The Keratinase Enzyme: Development of Suitable Application ParametersEPA Grant Number: U914946
Title: The Keratinase Enzyme: Development of Suitable Application Parameters
Investigators: Carter, Scott D.
Institution: North Carolina State University
EPA Project Officer: Just, Theodore J.
Project Period: January 1, 1996 through January 1, 1999
Project Amount: $102,000
RFA: STAR Graduate Fellowships (1996) RFA Text | Recipients Lists
Research Category: Fellowship - Molecular Biology/Genetics , Academic Fellowships , Biology/Life Sciences
The objective of this research project is to develop the keratinase enzyme for large-scale field application with the intent of reducing the large amount of keratin waste produced by the poultry industry each year. In 1992, the U.S. poultry industry produced 54 million tons of manure and 15 million tons of scrape manure and litter, with a substantial portion of this being feather-keratin waste. Keratinase, an extracellular protease produced by Bacillus licheniformis PWD-1, can degrade this keratin waste. Following the application of the enzyme, this waste can be fed to chickens as a high-protein supplement, resulting in the recycling of this product. If practical methods of enzyme production and application can be developed and implemented, the poultry industry could utilize this technology to reduce the overall production of feather-keratin waste.
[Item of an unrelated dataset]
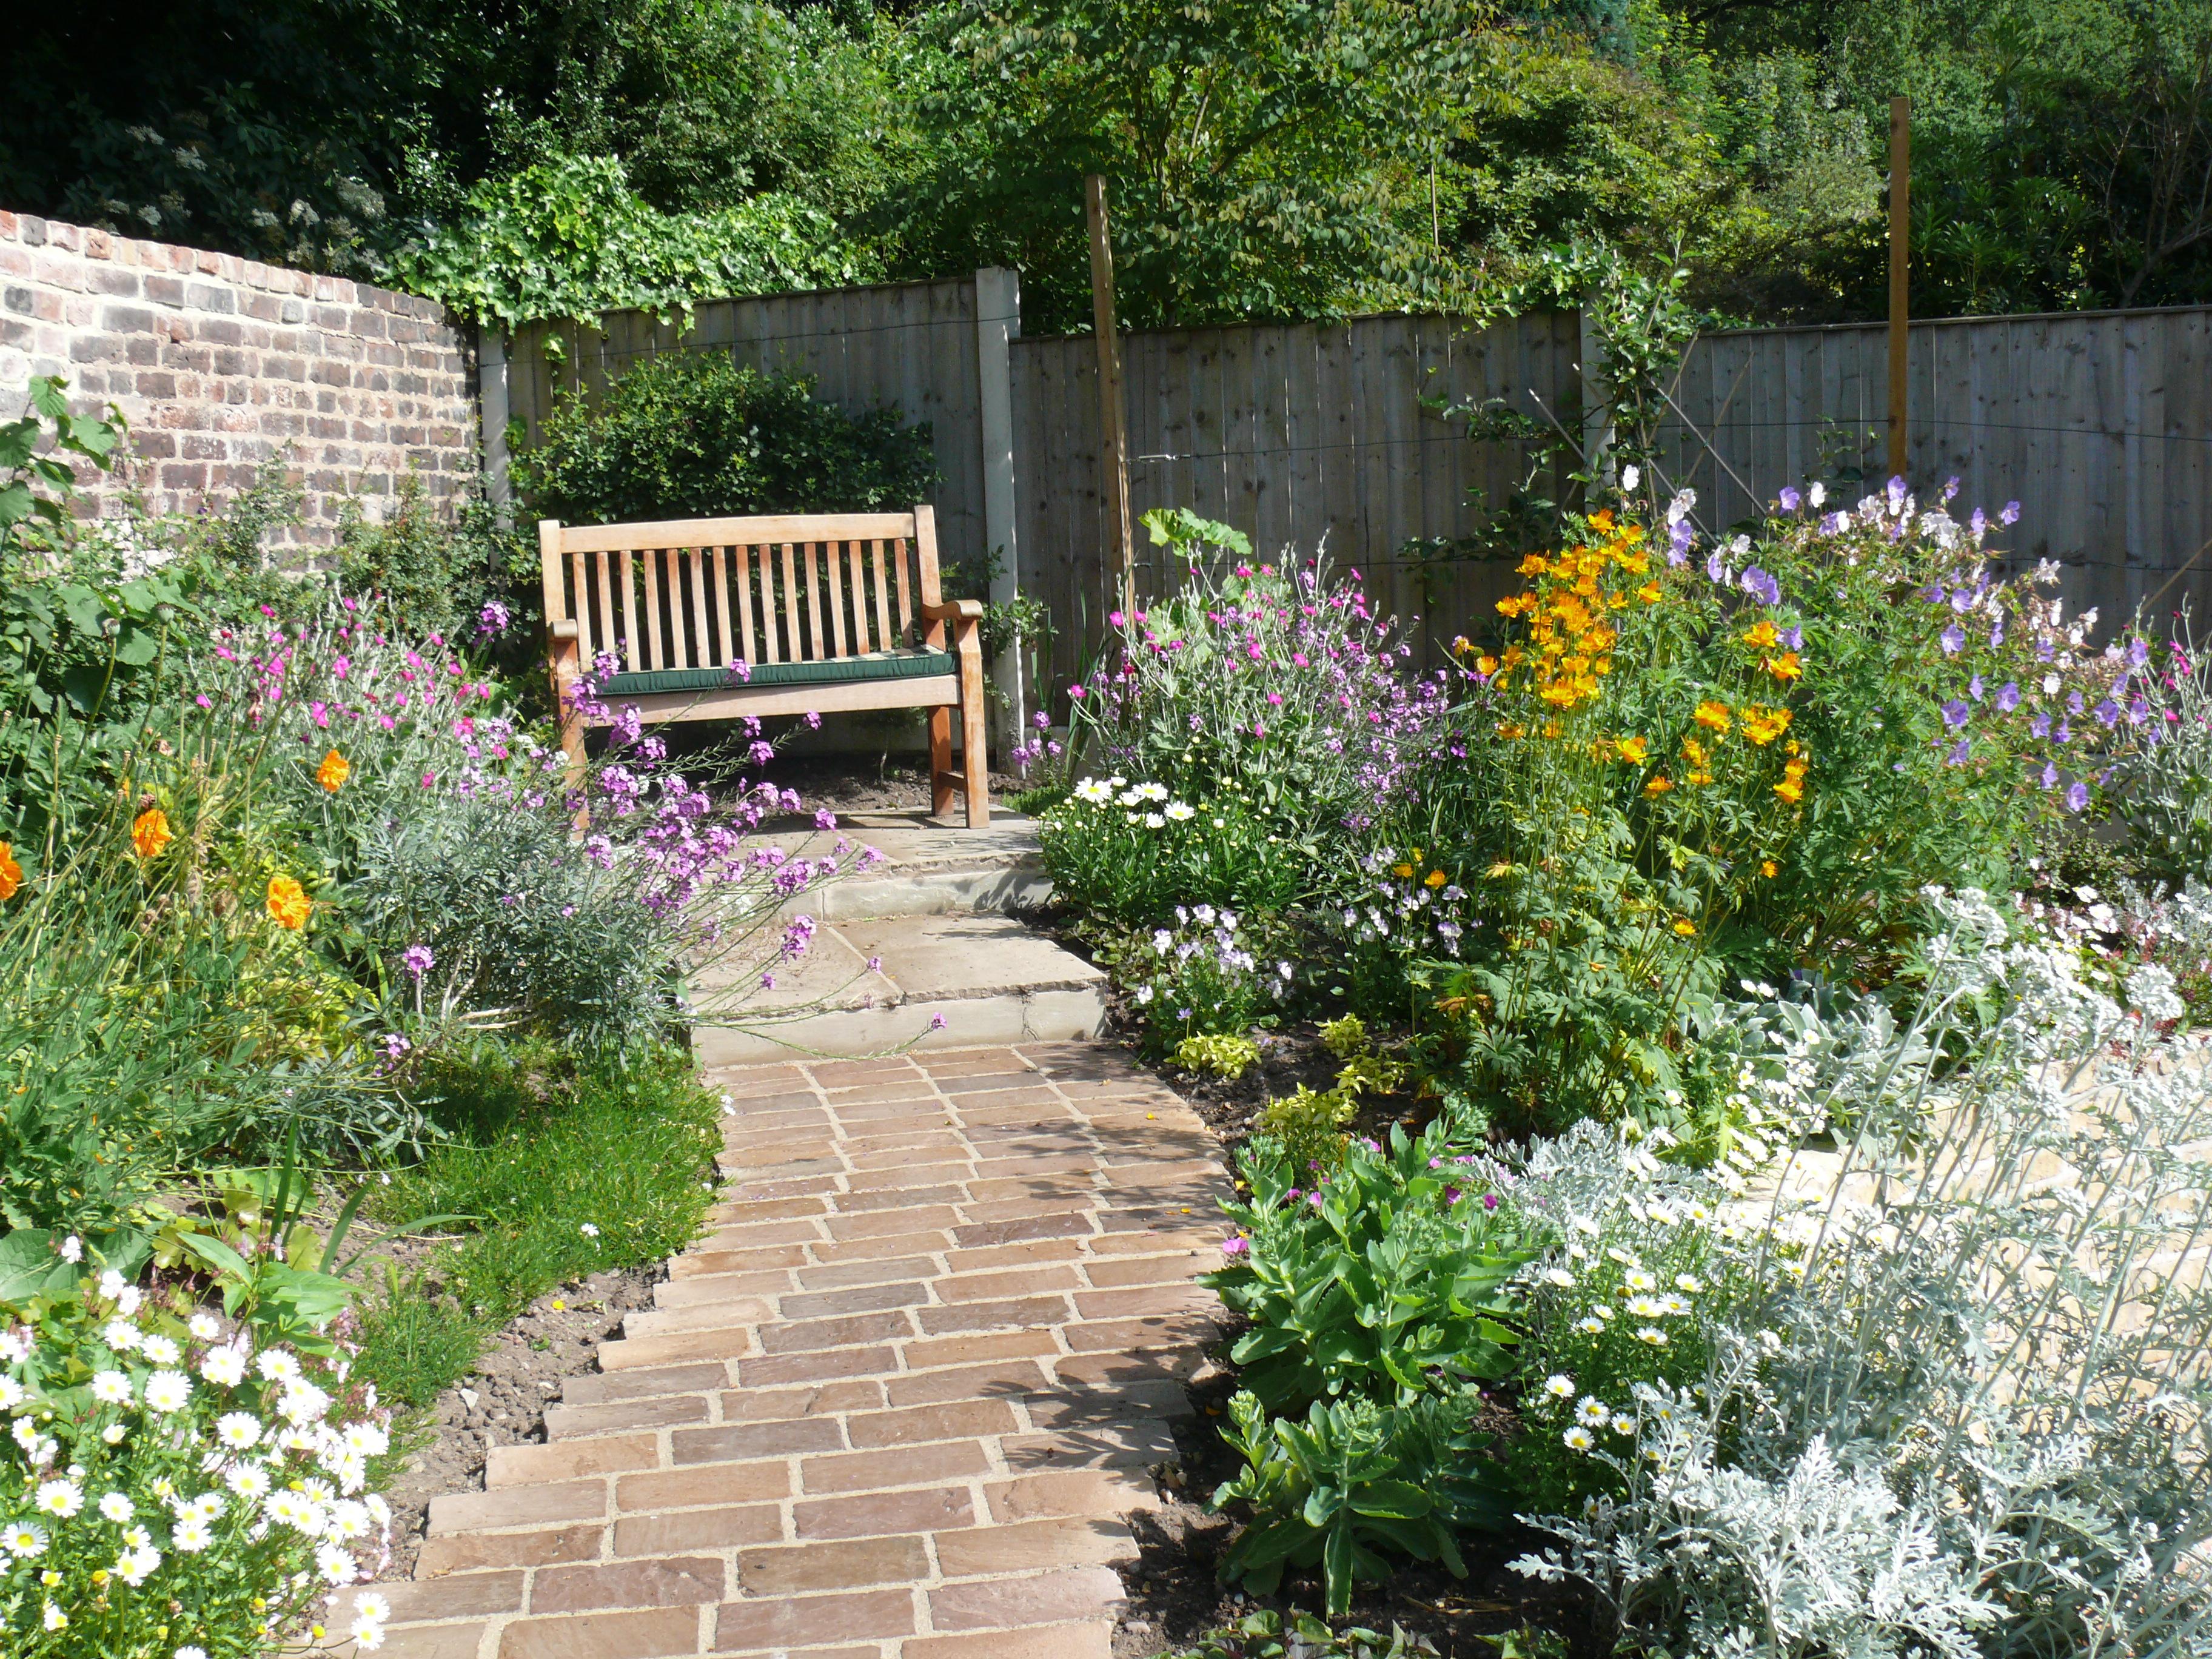 Wildflower Garden Care and Border Maintenance

A double protease assay with trypsin and keratinase is used to determine the in vitro hydrolysis of feather keratin under a variety of application parameters. The effectiveness of the assay conditions is quantitated by the DA280 of the reaction supernatant. Using this assay, the influence of the sample's pH, fat content, temperature, and other controllable parameters can be determined. Wild-type PWD-1 has largely been optimized for fermentation, and the methods used for determining optimal parameters also are being used for optimization of keratinase-overproducing mutants. The factors influencing optimal enzyme production include the age of innoculum at each scaleup step, the need for pH control during fermentation and the pH level, the level of dissolved oxygen, the level of feather-keratin substrate, and the temperature of fermentation. Fermentations are conducted in-house using a New Brunswick Bio-Flow III 10 L fermentation unit for small-scale fermentation optimization, and a New Brunswick IF150 ML4100 microprocessor-controlled 150 L fermentation unit for large-scale enzyme production. Parameters determined to be important using the small-scale assay are used to predict scale-up parameters, with the enzyme produced by 100 L, in-house fermentation used for large-scale application. Large-scale application consists of applying enzyme under predicted parameters to commercial feather meal as a protein supplement in chicken feed. Chickens are fed this diet from 1 to 3 weeks of age, with body-weight gain and feed/gain ratios taken as quantitative data. Application parameters are evaluated as weight gain and feed/gain ratios versus a soybean meal positive-control diet. The in vitro assay is routinely used to test different parameters on enzyme application. Twelve keratinase-overproducing mutants have been isolated, and the best four mutants are being optimized for fermentation. Optimization is complete for the best mutant. Keratinase is routinely being produced by large-scale fermentation, and the application of this enzyme is underway, with two chicken-feeding trials already completed. An additional two to three feeding trials are planned, followed by a large-scale, 7-week feeding trial once optimal application parameters are determined.